The Tatra vehicle has, since induction been the Army's workhorse. Besides ferrying mechanised vehicles, it carries assault bridges and operational loads, following tanks with ease cross-country. Tatra variants are used as command posts, communication links, for recovery, as weapon platforms for multi-barrel-rocket-systems such as Pinaka, for the Prithvi/Agni missile systems and for the state-of-the-art Indo-Russian collaboration BrahMos missile system whose land version is carried on the 12x12 Tatra-815.

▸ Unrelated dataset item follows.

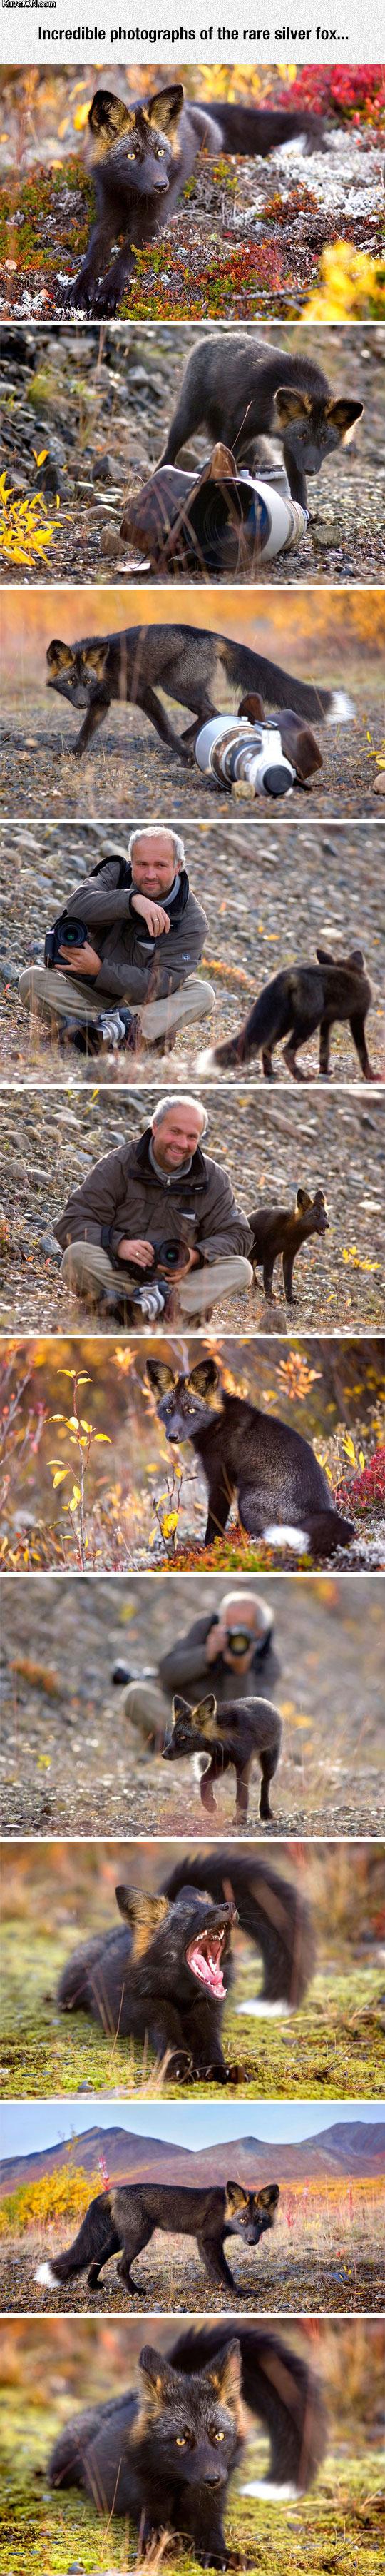 such_a_beautiful_animal.jpg

A Reality Check: Tatra is both Outstanding and Substandard

Exercise Brass Tacks was the first major exploitation of the Tatra vehicle, passing its rigorous desert induction with flying colours. The author had occasion to personally drive the vehicle both on and off-road when the vehicle was employed in the "follow-the-tanks-logistics-support" mode in both day and night conditions. The vehicle was quite simply outstanding. Years later, the author saw its utilization as missile-cum-communication-and-logistics carrier and found its performance high grade. If the left hand drive was a start-up problem, Army drivers quickly overcame it, driving the Tatra loaded with 50-tonne tanks on highways or off-road with logistics/containerised loads with ease, without any noticeable enhancement in accident rates.

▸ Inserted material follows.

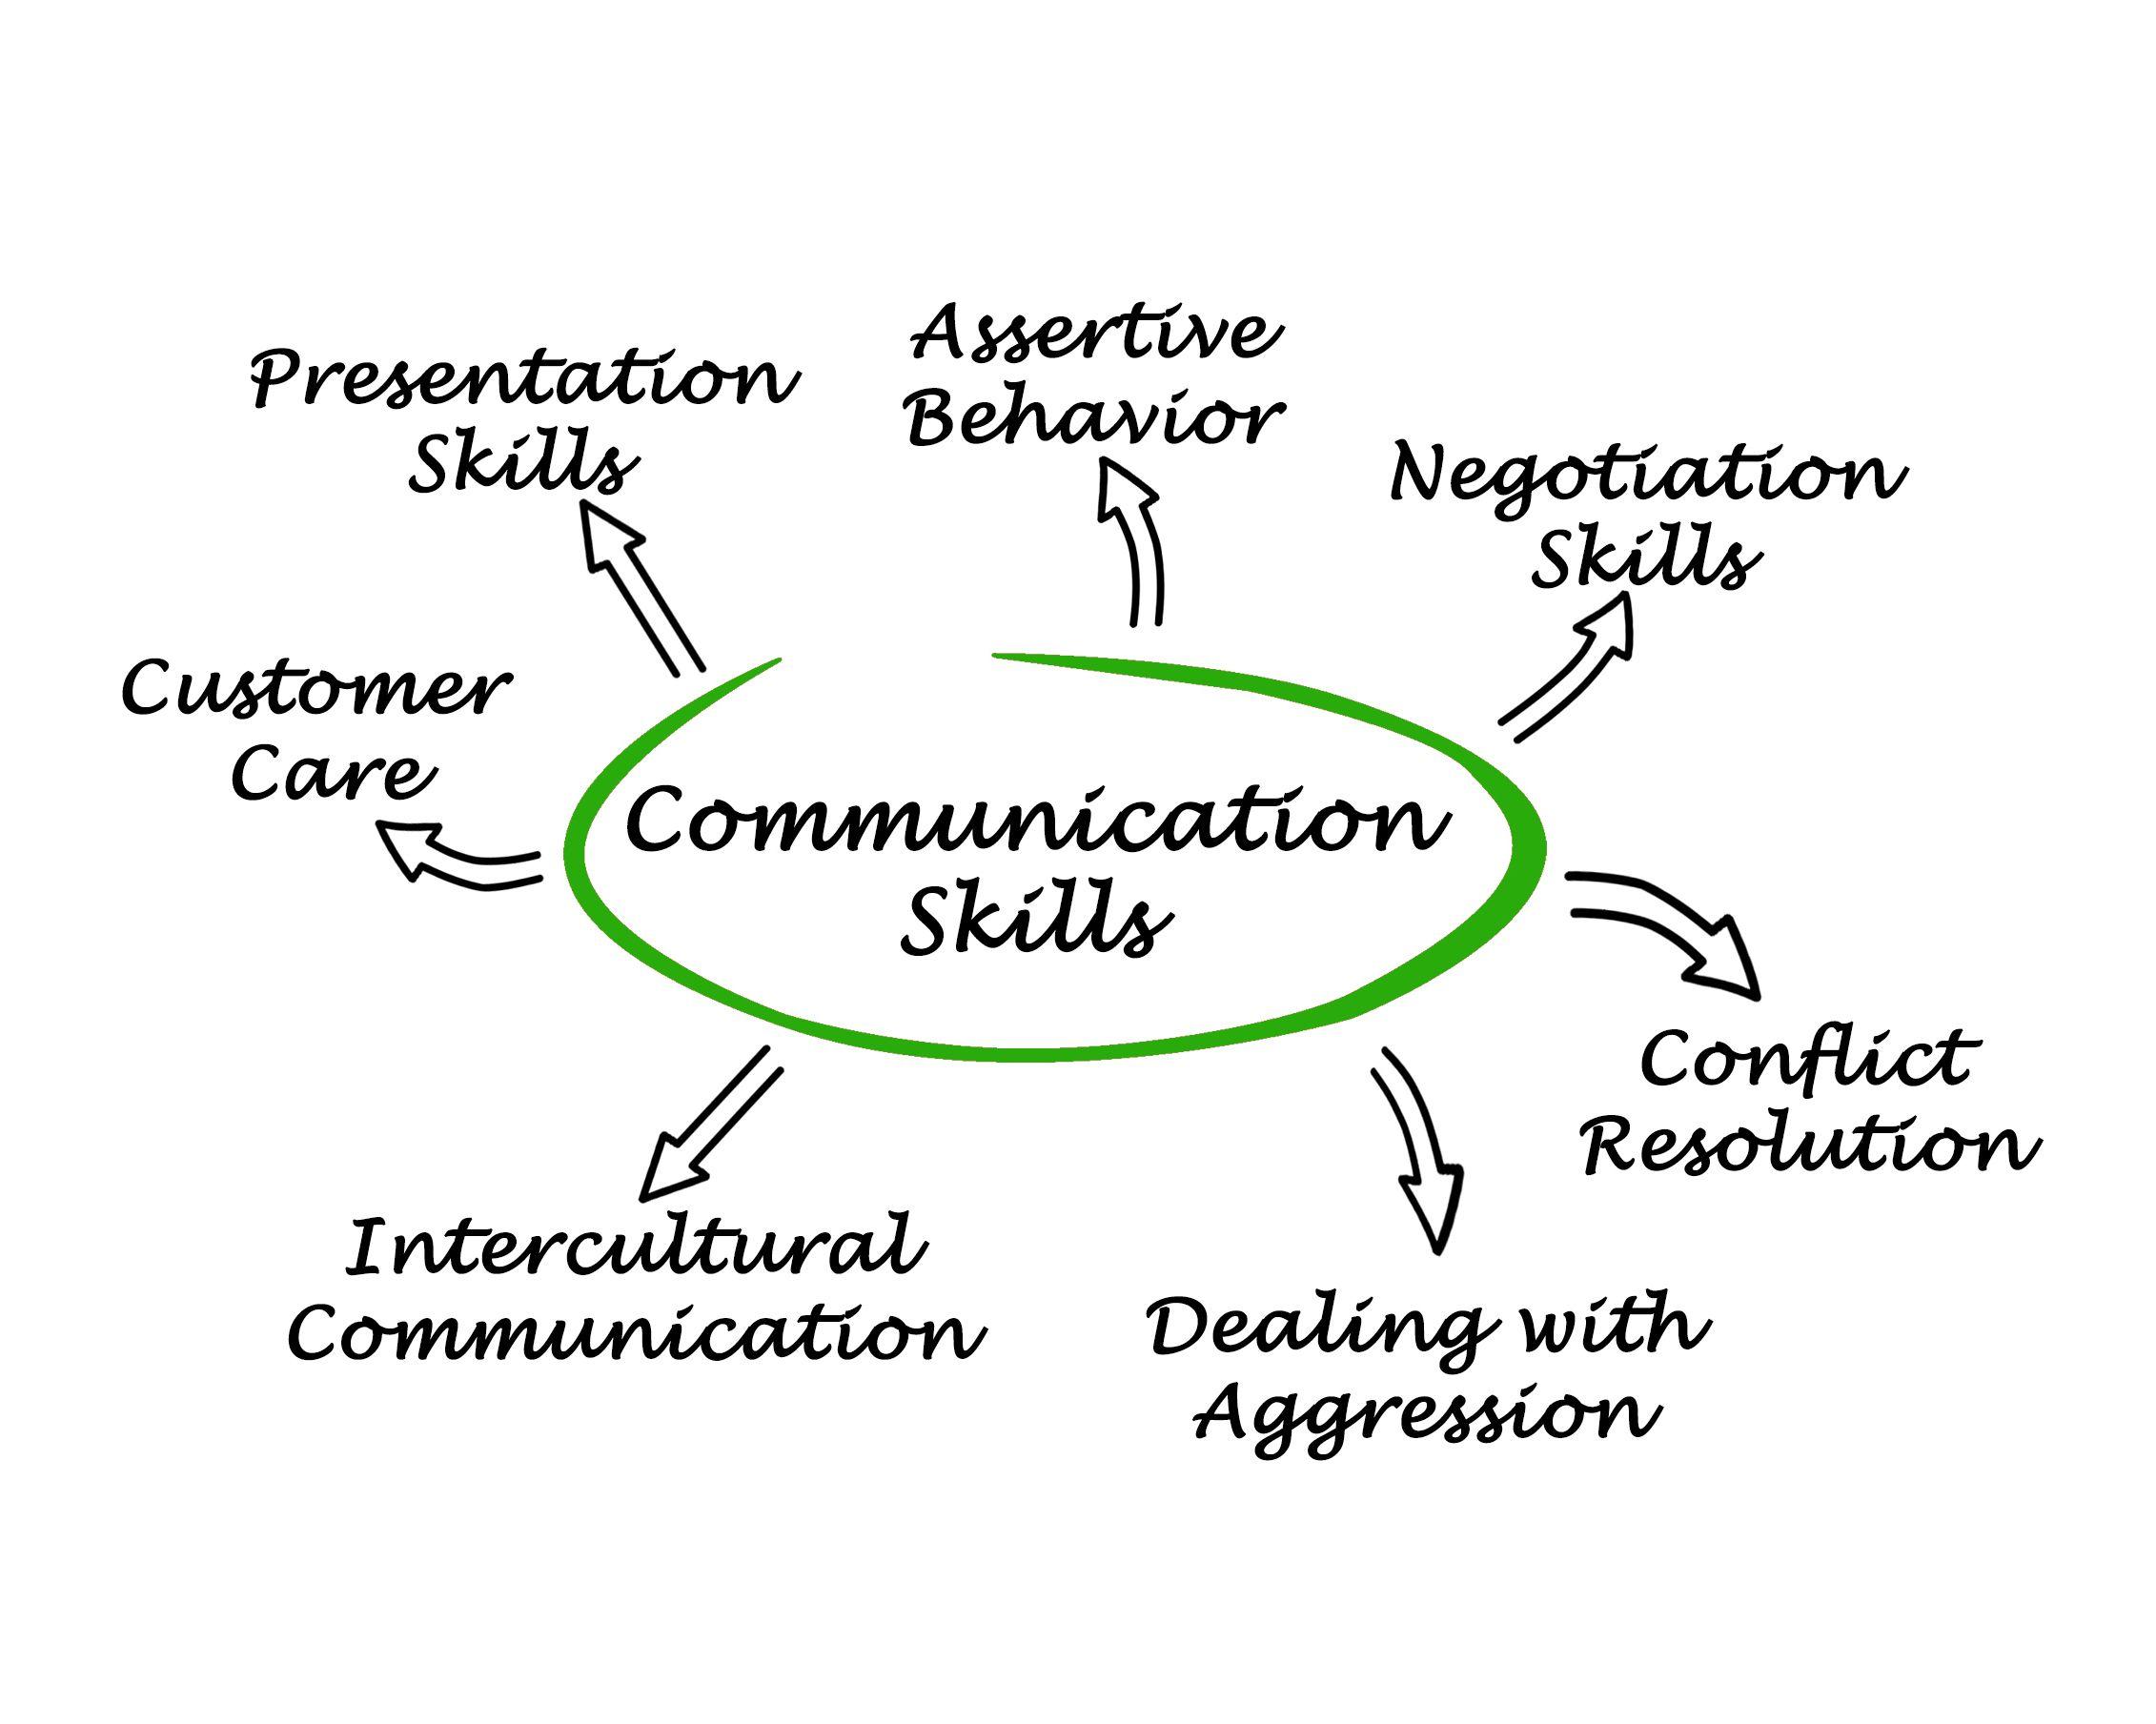 Essential Know Hows Regarding Communication Skills For Managers Effective Communication Skills Communication Skills Intercultural Communication

Once past their prime, however, the Tatra-813/815 has started having problems of spares, maintenance and repairs because of grossly inadequate logistics support. These problems demand substantial attention from the field Army as tyres, batteries; critical engine spares are not only inadequately stocked but have also not been indigenously produced to the original, exacting standards of the OEM. The indigenisation figures being touted make for hair-raising reading. The Army Chief claims that 70 percent of the Tatra is imported. Rashmi Verma, MoD Joint Secretary (Land Systems) puts the figure at 45 percent and Chairman BEML at 40 percent -- figures that speak for the sordid, ham-handed way in which we look at defence procurement and indigenisation.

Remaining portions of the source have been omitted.